Texas Instruments has thousands of customers across the electronics industry, from radar-equipment suppliers to microwave-oven makers, meaning its earnings are one of the broadest proxies for the health of the chip market. After running down inventories last year, some companies have resumed buying parts to ensure they aren’t caught short when demand returns, said Tore Svanberg, an analyst at Stifel Nicolaus & Co.

“Order rates are still improving, from obviously a low level,” said Svanberg, who recommends buying the shares. “The industrial market and especially automotive is showing some strength. We’re still very early in the process.”

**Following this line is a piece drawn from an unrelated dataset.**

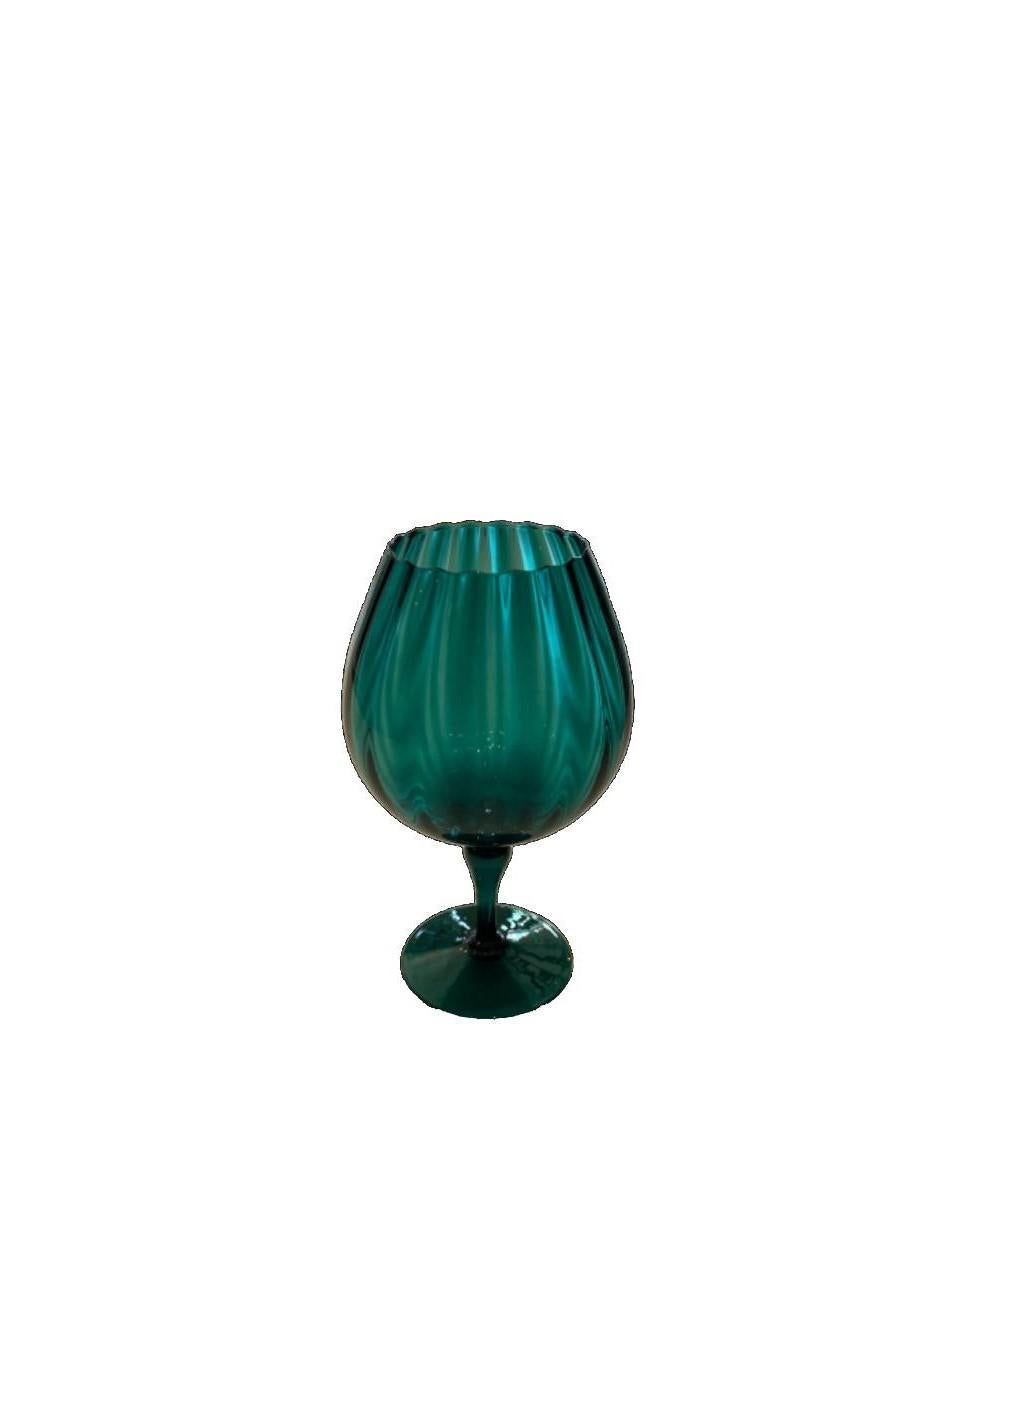 Mid-Century Modern Vintage Empoli Italy Large Teal  Glass on Foot For Sale

Texas Instruments shares, which are up 14 percent this year, rose less than 1 percent to $35.20 at yesterday’s close in New York. Many stocks across the analog-chip industry have gained this year on optimism that orders will pick up starting in the second quarter.

Industrial Applications

“In general, the stronger demand environment has continued,” Texas Instruments Vice President Ron Slaymaker said on a conference call with analysts. “Quarter-to-date orders have been growing strongly.”

While demand remains weak for chips used in personal computers and phone-systems equipment, orders are increasing for chips used in industrial applications, Slaymaker said.

In the first quarter of 2012, profit was 22 cents a share on sales of $3.12 billion. Texas Instruments is one of the few companies that still give regular midquarter updates on their progress toward earnings targets.

The company increased its quarterly dividend by 33 percent and added $5 billion to its stock-repurchase program last month. Texas Instruments has an indicated dividend yield of 3.2 percent, according to data compiled by Bloomberg, among the highest in the semiconductor industry.

The chipmaker is in the process of exiting the market for digital chips used in smartphones and tablets, and said on Nov. 14 that it would cut 1,700 jobs as part of that shift. The staff reduction was estimated to pare expenses by about $450 million a year by the end of 2013, Texas Instruments said at the time.